◆ **TO DO**
Would you retype, word for word, only the lines from the one holding "This size is very hard to find." through the final line of the entries below, without the pictures?

Data records:

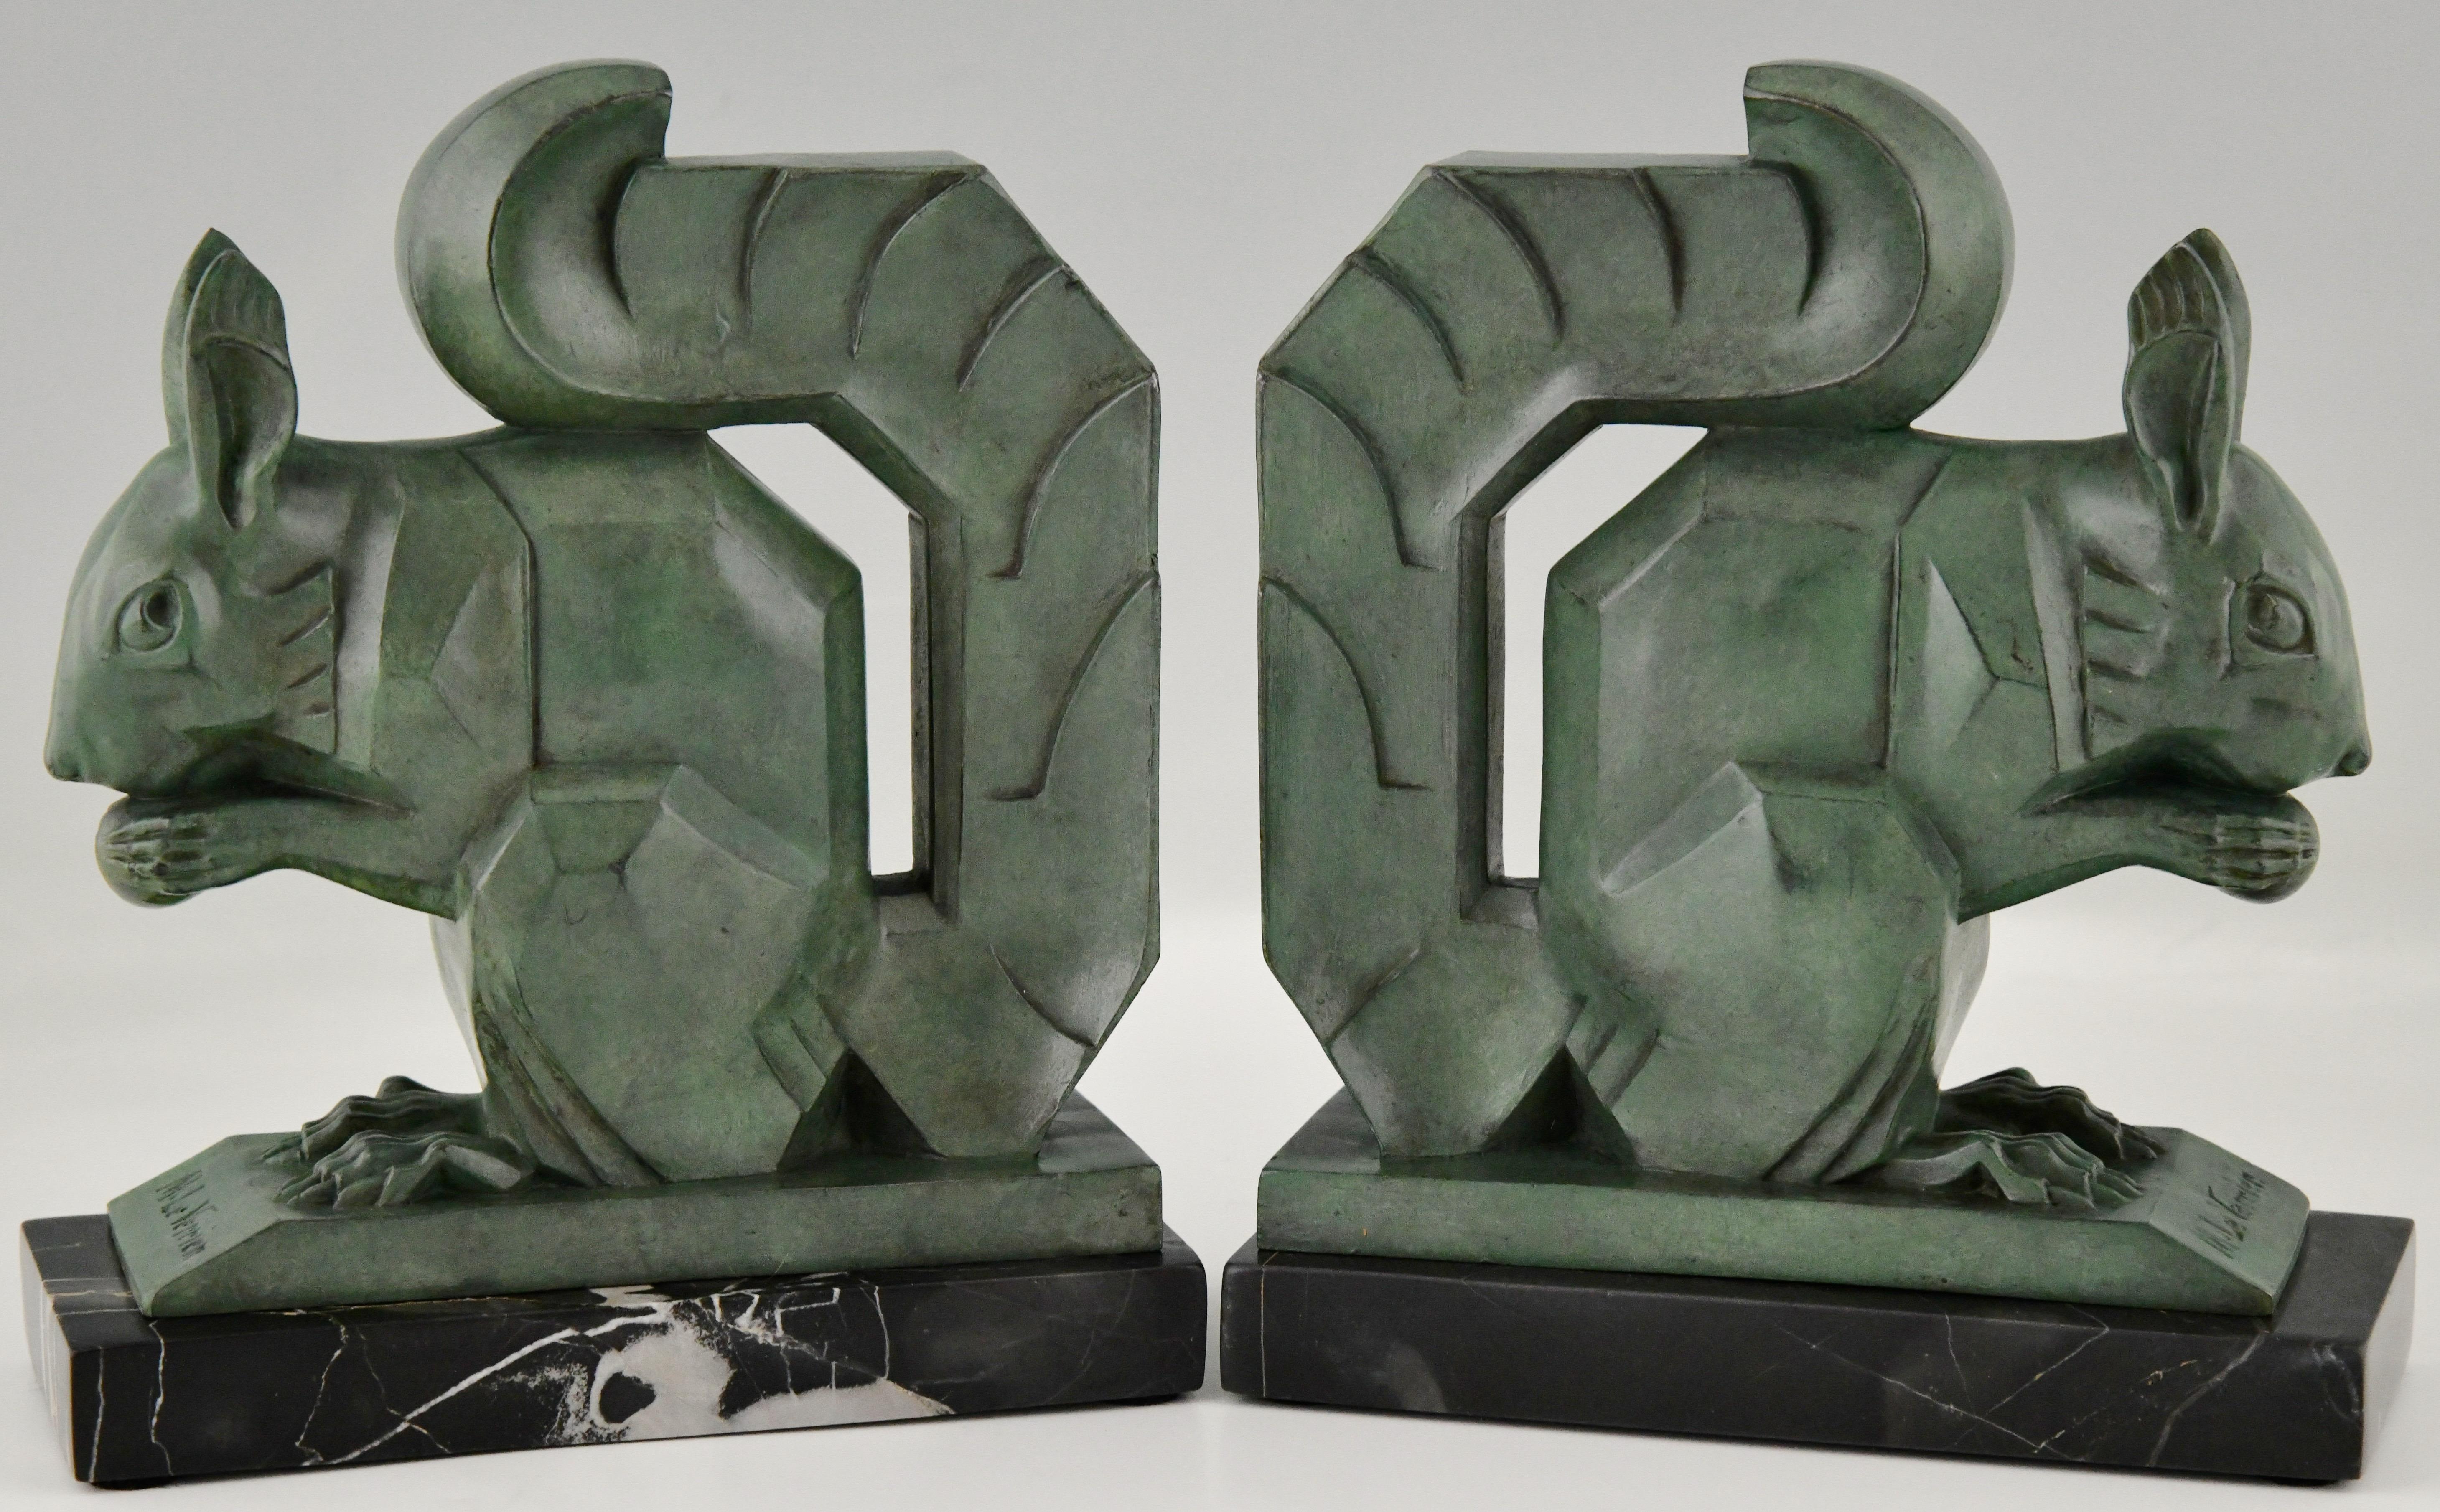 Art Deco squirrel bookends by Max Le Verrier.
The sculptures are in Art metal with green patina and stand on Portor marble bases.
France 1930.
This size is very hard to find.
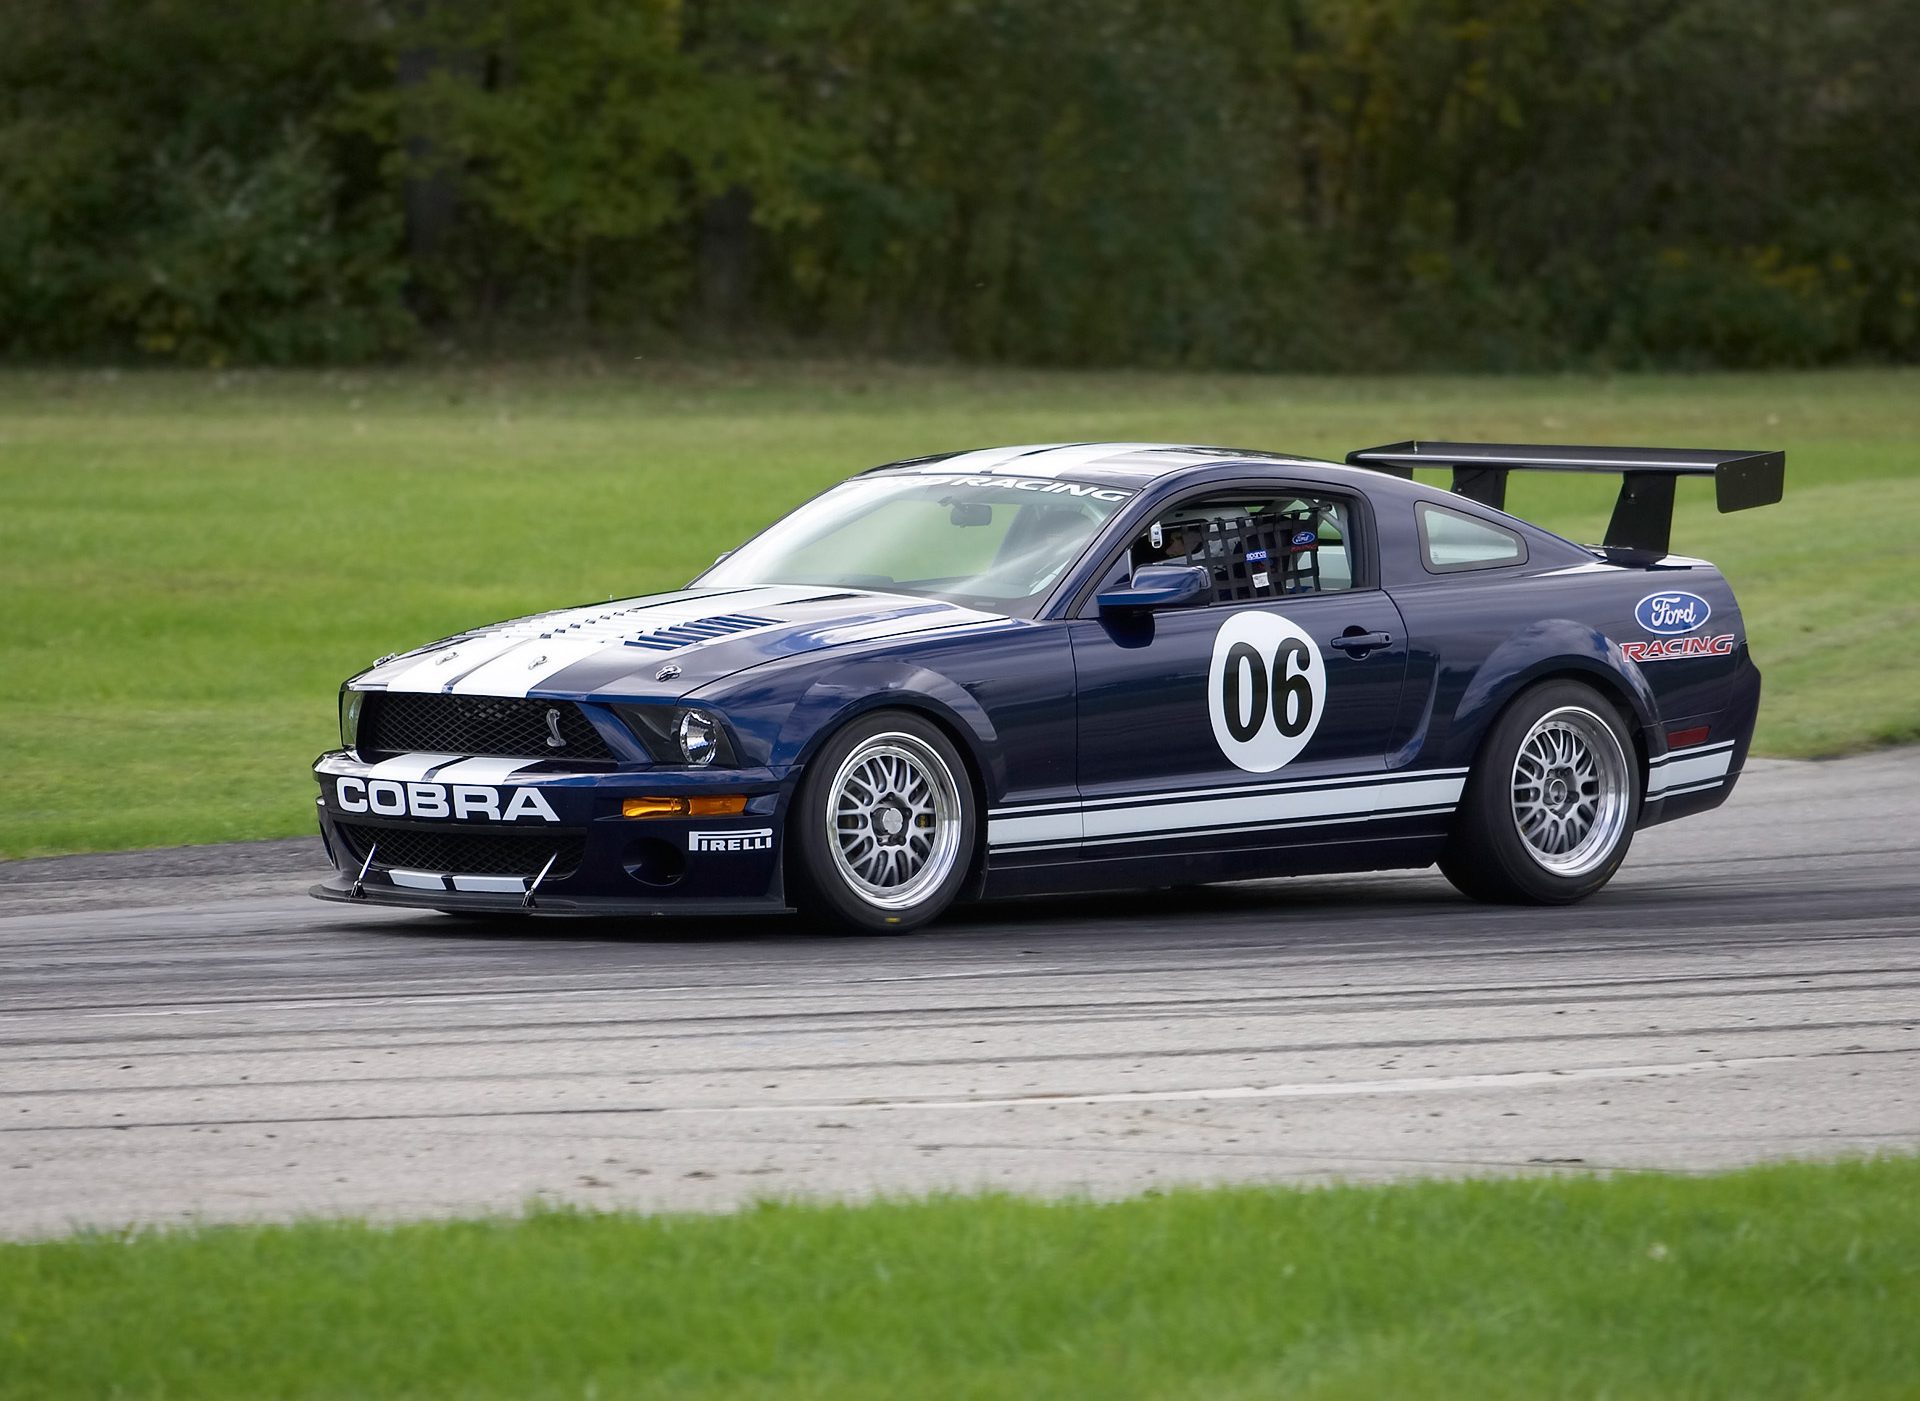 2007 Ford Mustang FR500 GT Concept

◆ **REPLY TO THE TASK**
This size is very hard to find.
 2007 Ford Mustang FR500 GT Concept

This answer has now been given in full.